My first assignment from my counselor was to start journaling again. So here we are.
There were a few things she wanted me to talk about and explore. I was told first to read about cognitive behavioral therapy. I made a joke about her ringing a bell and my salivating at that, and after researching it I have to chuckle because it does, indeed, make reference to Pavlov and conditioning. Sometimes I really amuse myself. lol.
We talked some today about what my 'end game' is and what my goals are. This has always been a hard one for me because truthfully I've never felt that feeling that tells a person that they've found their calling. I would love one day to help others. Wayne Dyer was a personal hero of mine and I admire how he was able to touch others and share wisdom. Maybe one day I'll be in a position where I've gathered enough life experiences and have the ability to help others through that.
I've known for many, many years now that I am extremely analytical and am far too in my head. This has it's good and bad qualities, but at the extent in which I stay trapped in this state I feel that it has more cons for me. It's become my crutch; my captor; my master - and I do not like this at all. I know that I am a much stronger person than this, yet I know that I am still lost in this state that I've lived in for so long.

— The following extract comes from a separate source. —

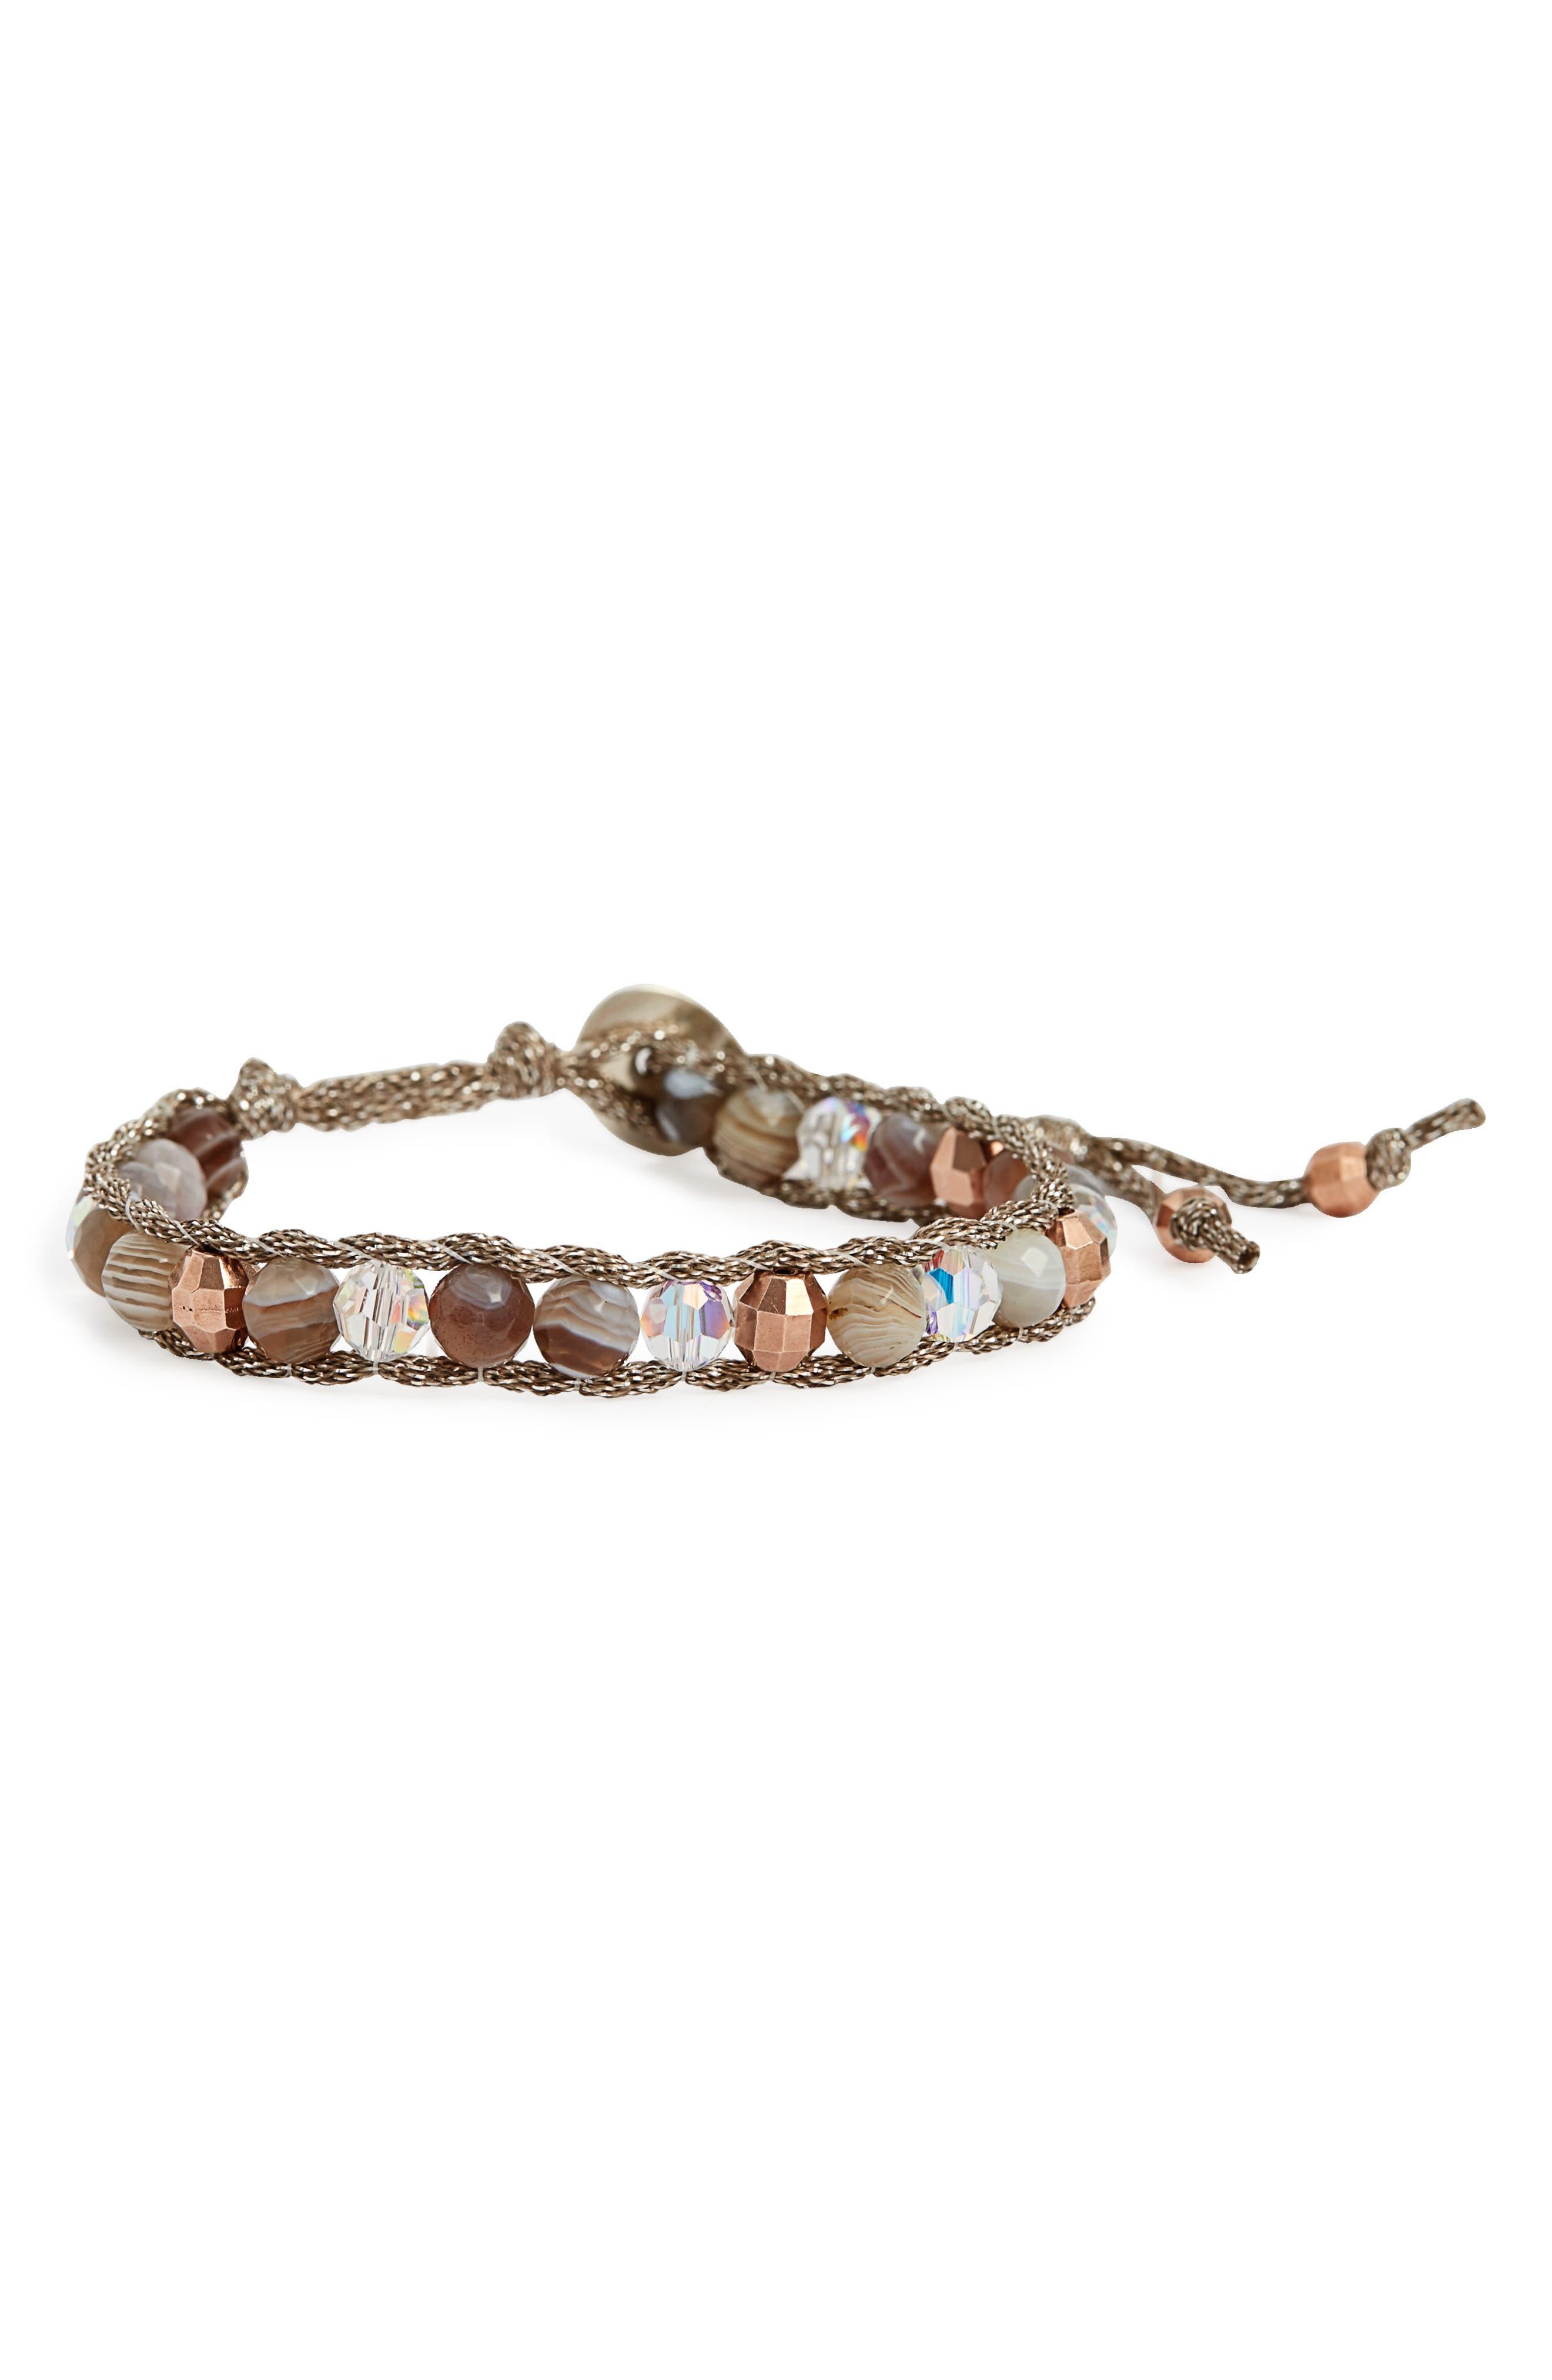 Main Image - Chan Luu Agate & Crystal Bracelet

When I read the posts from 2014 on this blog, I see that I'm still dealing with many of the same lessons. When I was sitting in the room where the Dr. told me I had cancer, the first thoughts in my head was that it was a direct manifestation of the negativity, stress, depression and anxiety that I had allowed to take root and flourish in my life.
When I wrote those posts last year they came from a place of my losing a friendship that was dear to me and being disappointed with the character and integrity of those involved in that situation. In dealing with the past few months and all of the trials I see now that those same situations have cycled around again with different people. I've often been told that I shouldn't put expectations on people because that is my attempting to control and/or project my desires onto them. I understand that side of it, but I also call bullshit in many ways. I now understand that those people telling you not to put expectations on others are often giving that advice not for your benefit but for their own. They don't want anyone to put expectations on them because they don't want to take responsibility for not meeting them. Now I'm not talking about irrational expectations; I'm talking about the basic expectations that you have in any type of relationship, whether it be friendships, family members, lovers, etc. Things like being able to count on them, having an equal amount of give and take, each making an effort in the relationship, caring about each other and building the other up, and not doing things purposefully that one knows will hurt the other.
Being sick and going through so many different emotions so quickly really teaches you about yourself but it also teaches you about others around you. Friends who you thought would be there drift away; things that you once thought were important now seem silly; beliefs and thought patterns shift drastically at times and your tolerance levels for foolishness are completely changed.
I'm making it. I managed to end the semester with two A's, a B+ and a B. I couldn't be happier as I missed a month and a half overall. I'm proud of myself for pulling through it. It wasn't easy and I put a LOT of effort into making sure I taught myself what I could by researching online and also taking the time to ask my Professors for help when I didn't understand something. I wish that the stress was less now that the cancer is gone; but it isn't. In many ways it's worse now. I've almost completely ran out of money and until the end of January, when hopefully the spring semester refunds will come through, I'm scraping what I can together. My car has left me stranded twice and it's been in and out of the shop at least four/five times in the past month. Add to all that hospital bills and my stress levels are still through the roof. I'm still not able to do a lot because I'm healing slowly inside (side affect of diabetes) and I still have major trouble sleeping and being exhausted.
Don't think I'm not thankful that the surgery was a success! I am, very much so. I was successful at making it through the semester. There's a lot that I'm thankful for. I am still working on changing my mindset into one of gratitude and positivity. It's an ongoing process. I hope that my therapist (Let's give her a fun name......we'll call her Rhea) is able to help me with learning how to retrain my brain. Today she said it was like I was two people...... when I talk about things outside of myself I'm passionate and positive, but when talking about myself I'm all negative Nancy and bleah. It's true, I totally see it.Time to go to work. I'll take the red pill please.